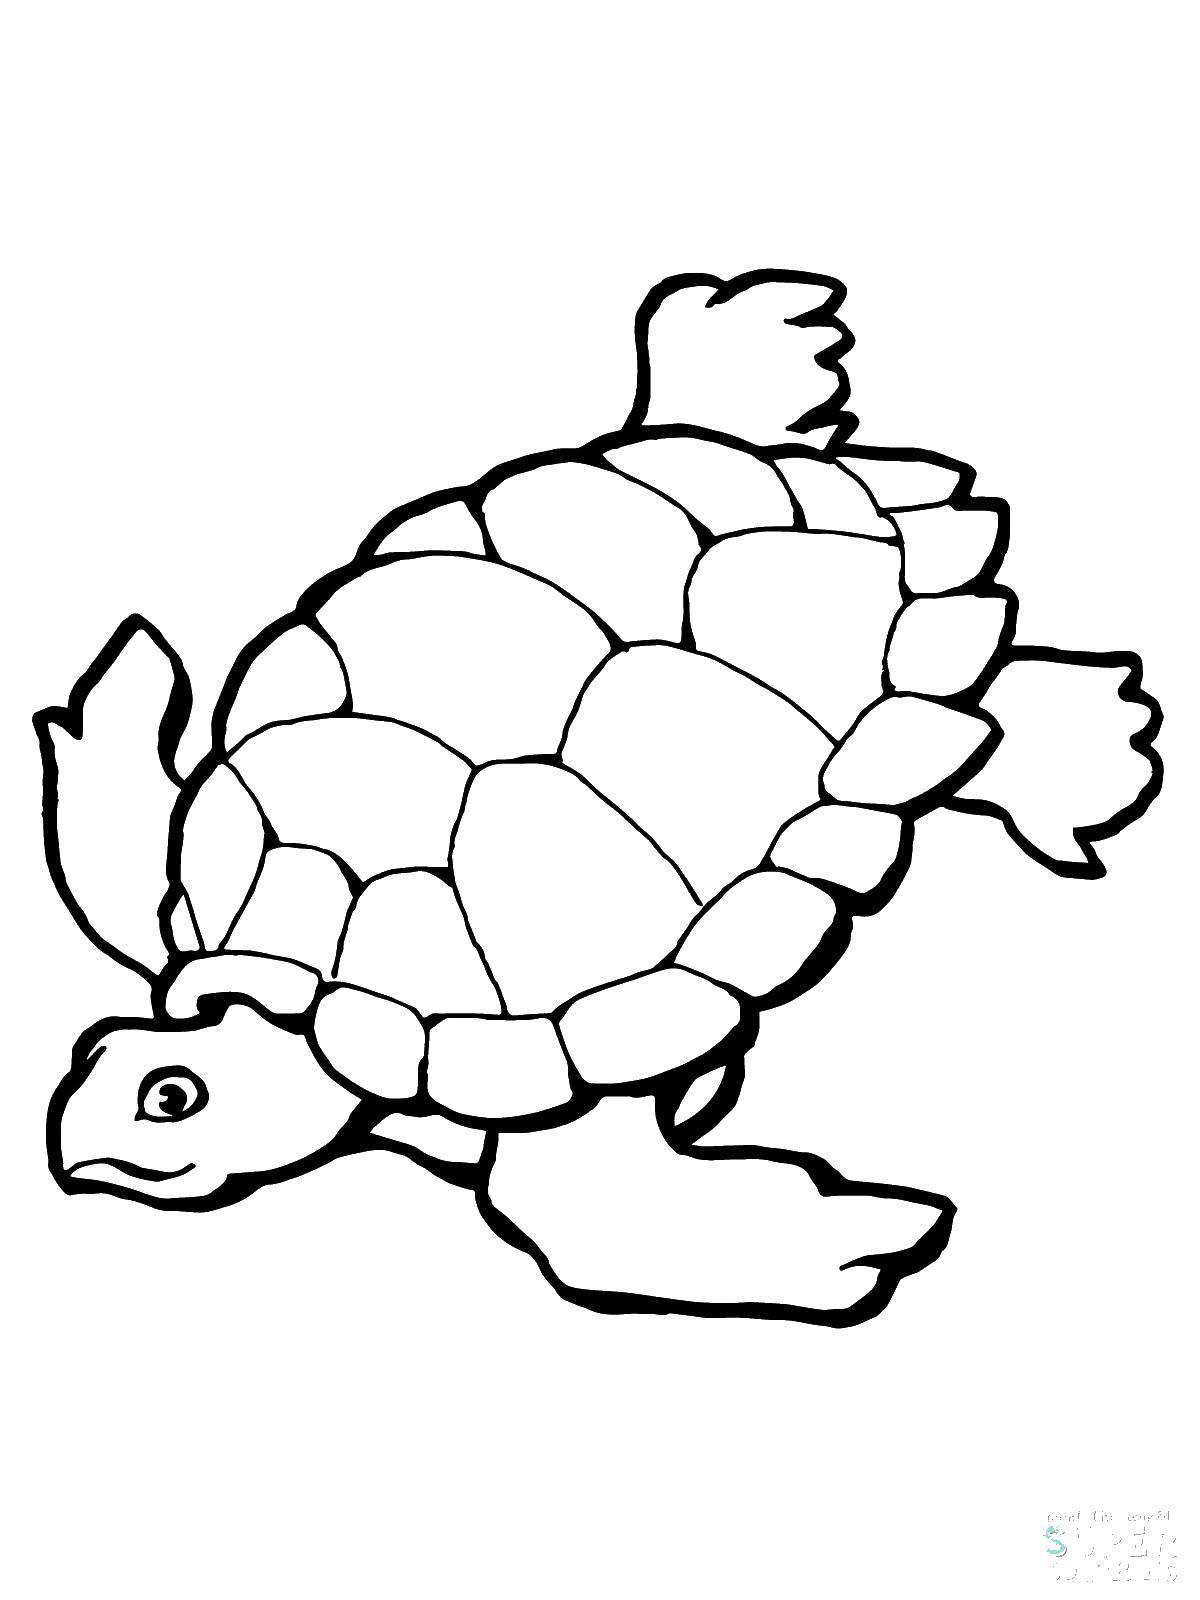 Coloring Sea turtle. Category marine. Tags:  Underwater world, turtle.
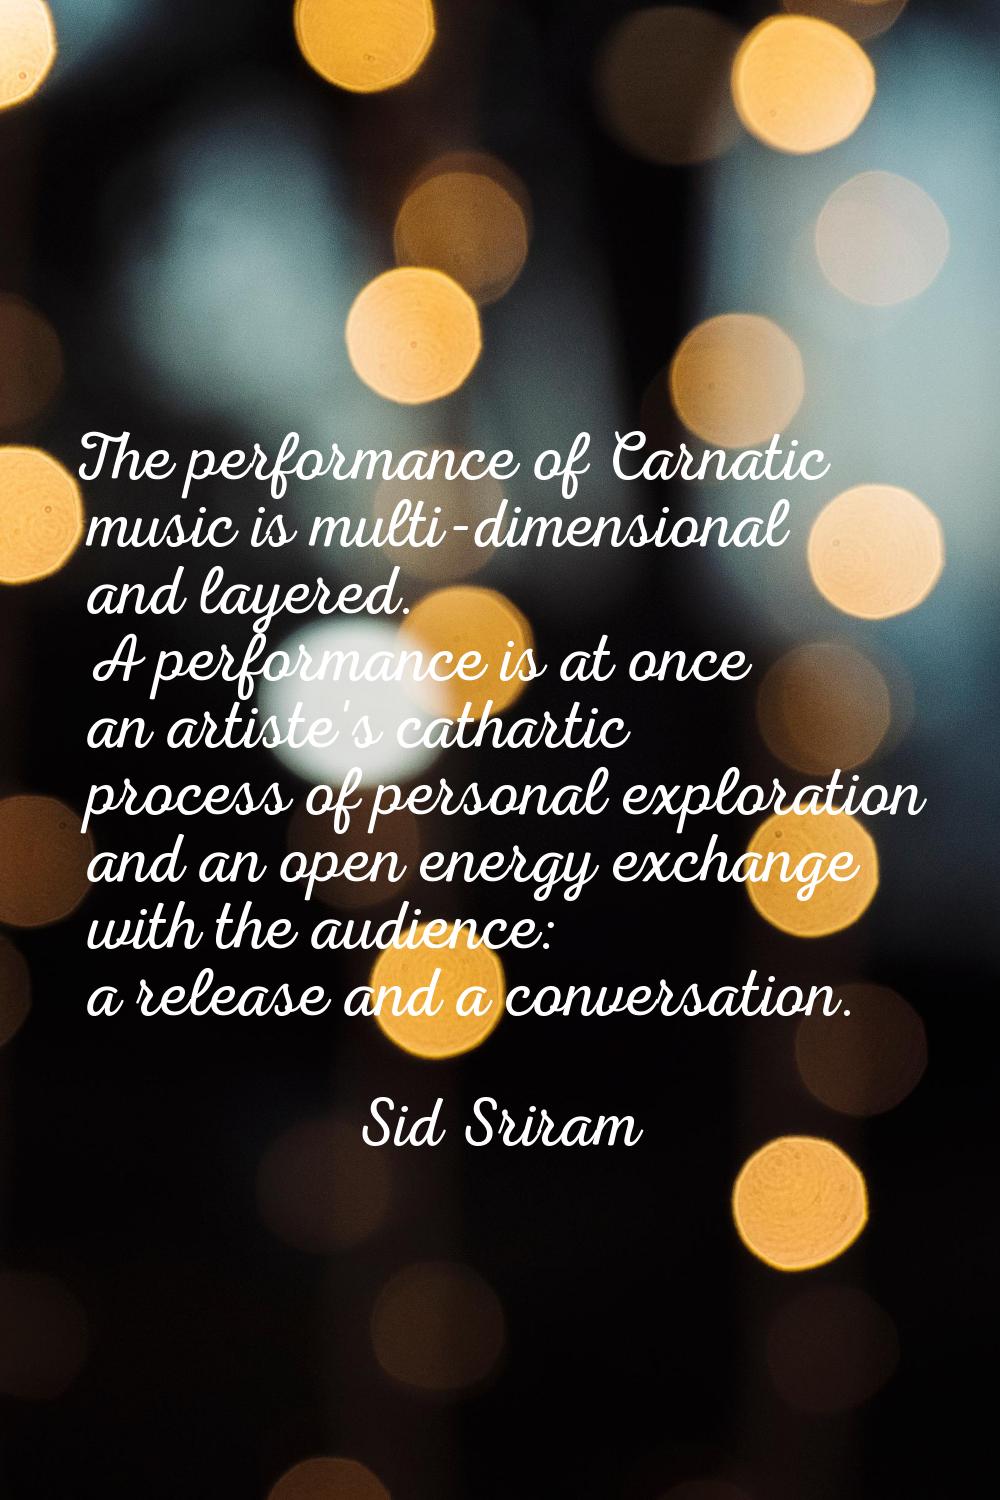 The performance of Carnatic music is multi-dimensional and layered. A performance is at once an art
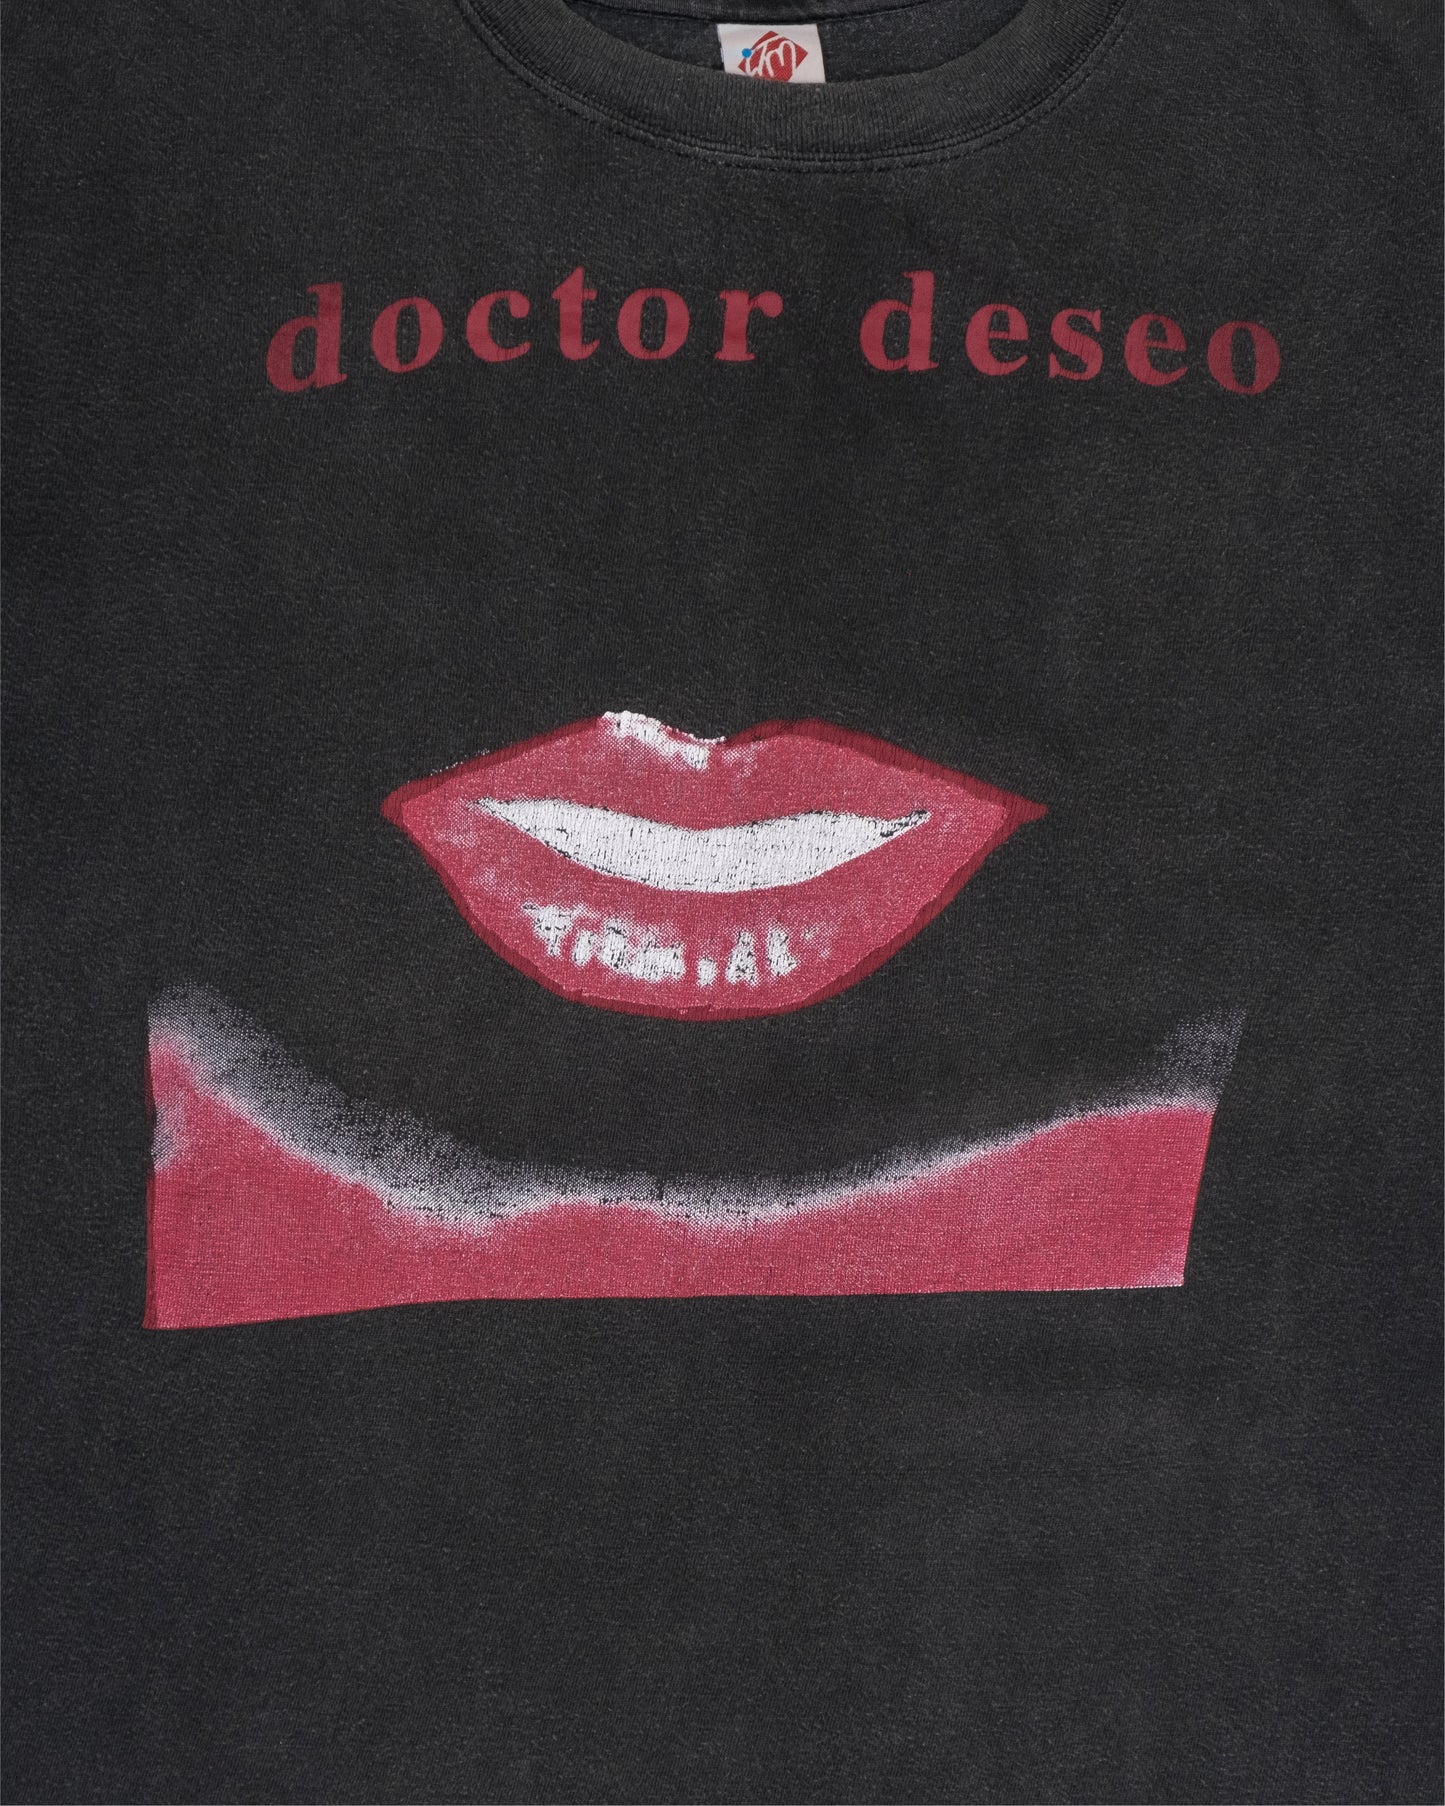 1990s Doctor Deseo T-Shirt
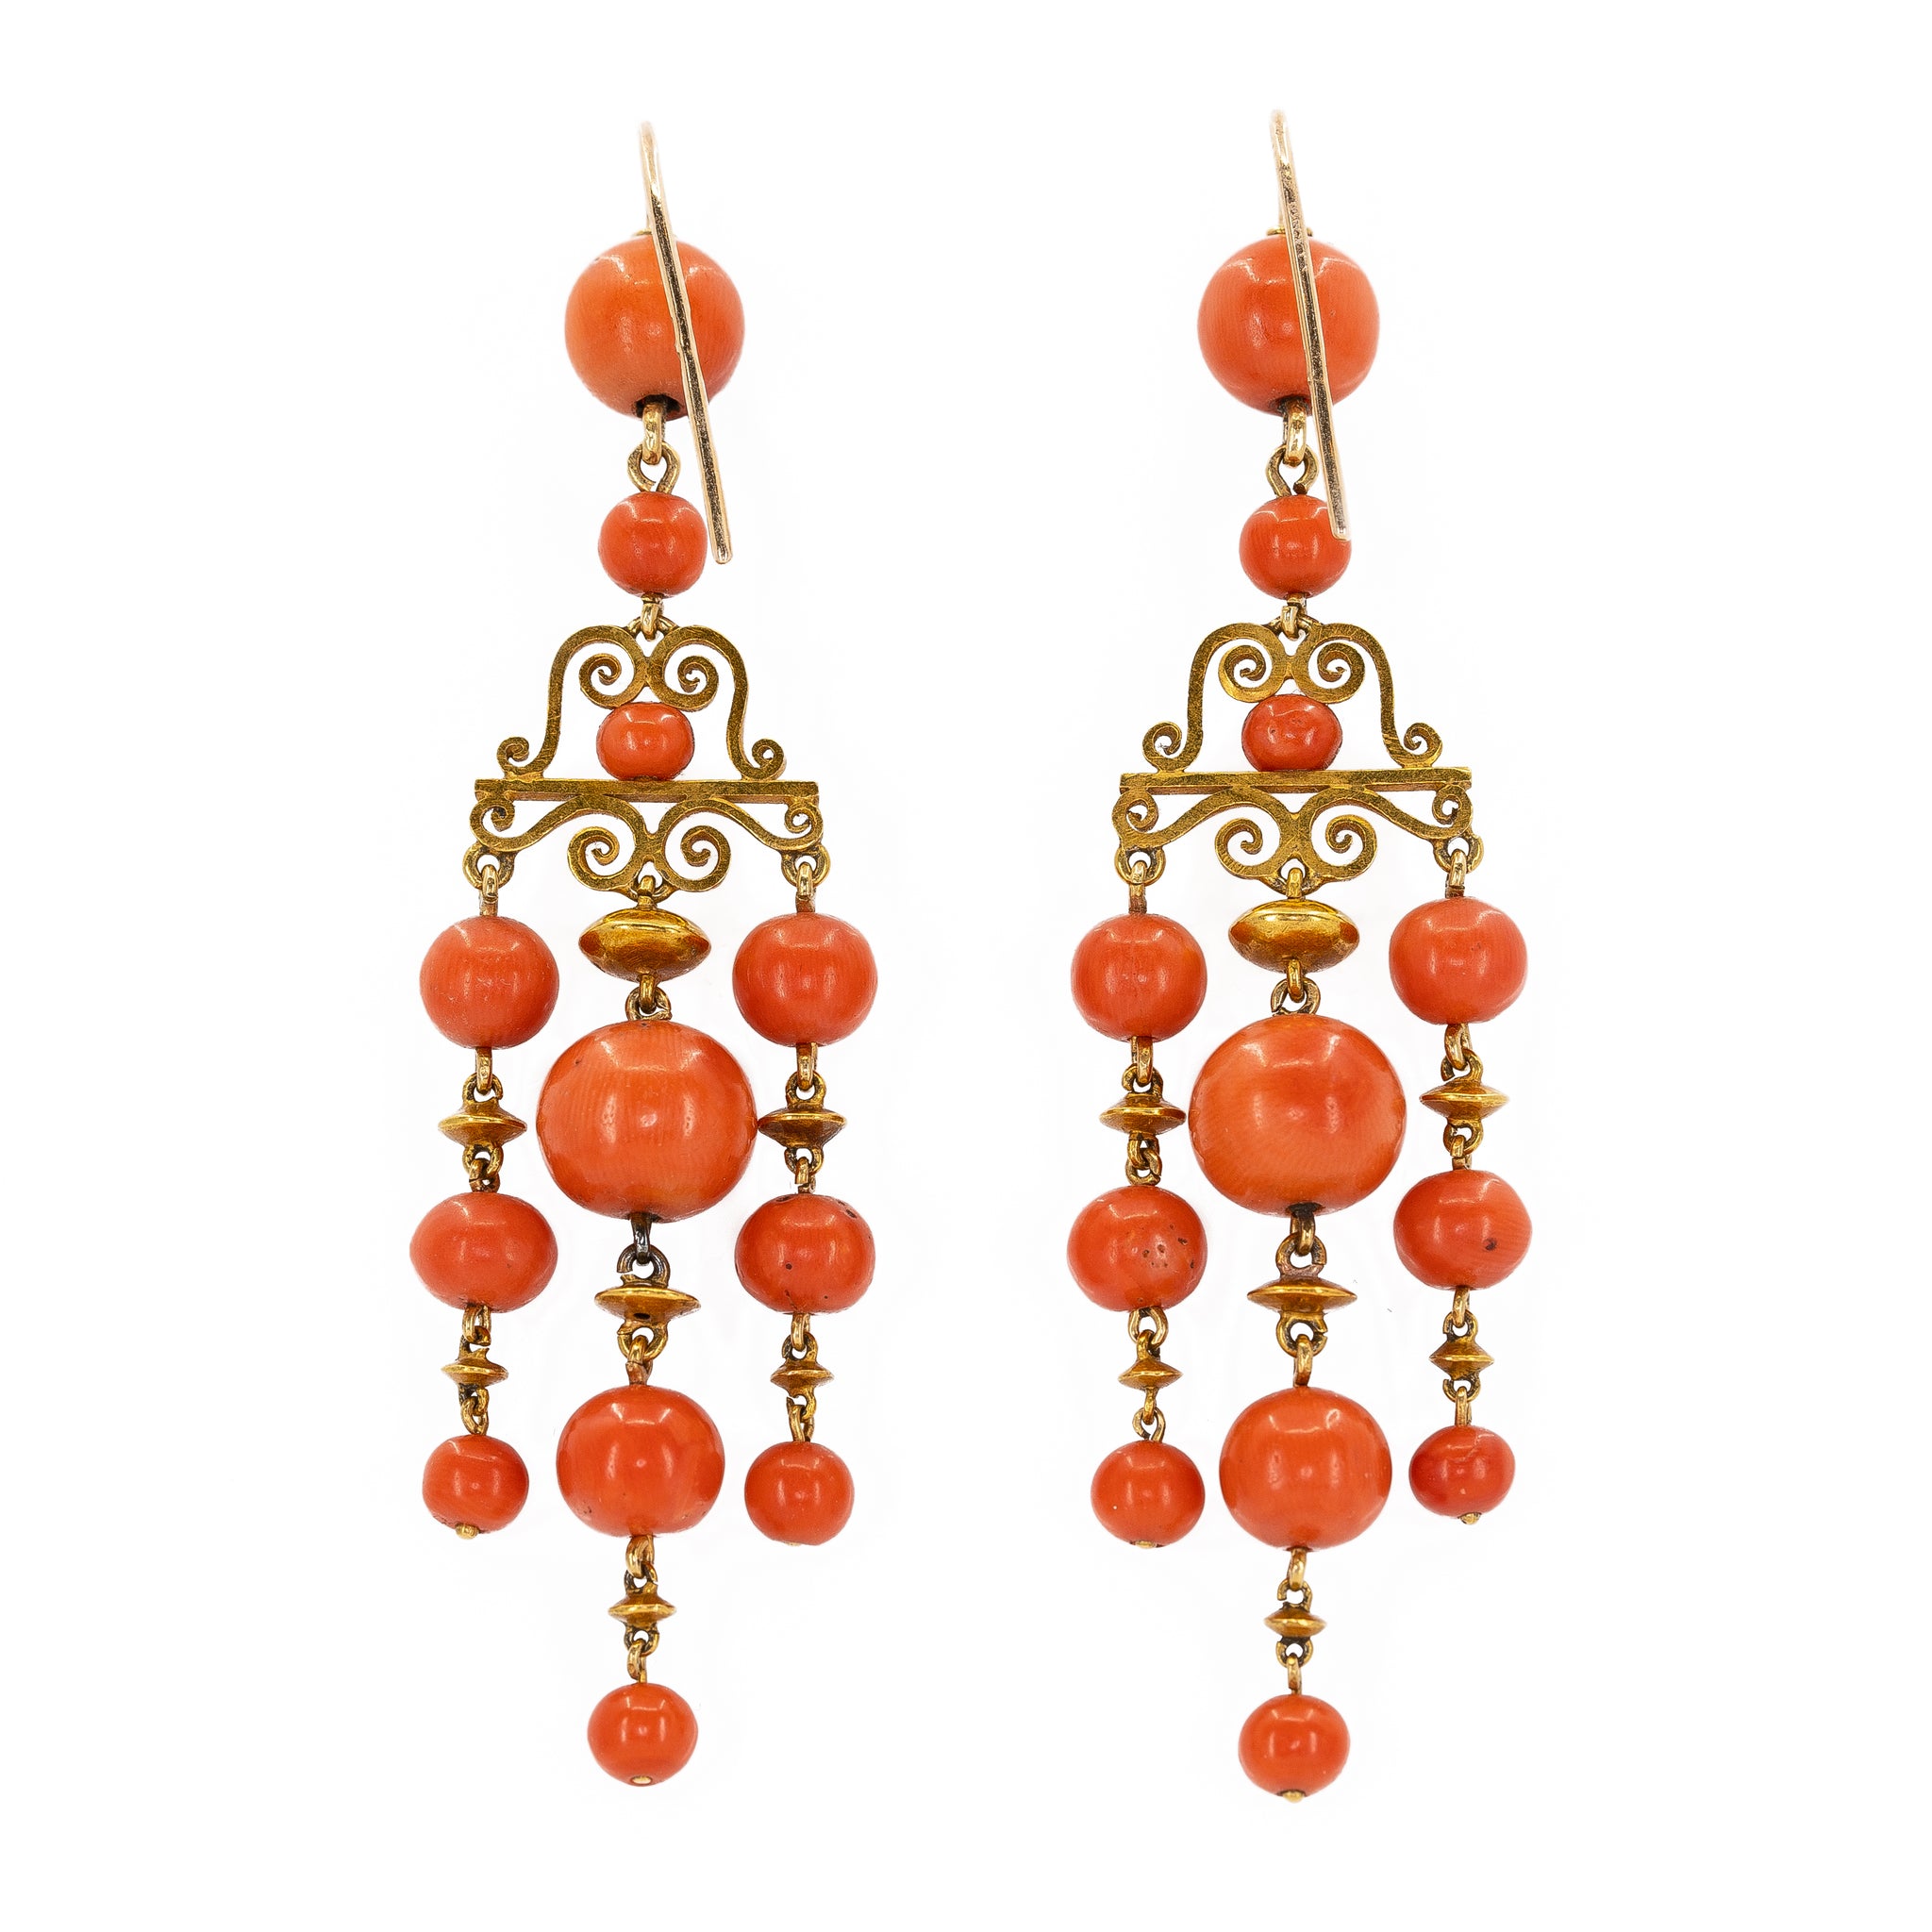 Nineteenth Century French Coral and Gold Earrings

.....

* **Problem requirements**
Since pictures are not part of the copy, set down only the remaining data exactly.

* **Solved exercise**
 Coloring Sea turtle. Category marine. Tags:  Underwater world, turtle.
 The performance of Carnatic music is multi-dimensional and layered. A performance is at once an art
 1990s Doctor Deseo T-Shirt
 Nineteenth Century French Coral and Gold Earrings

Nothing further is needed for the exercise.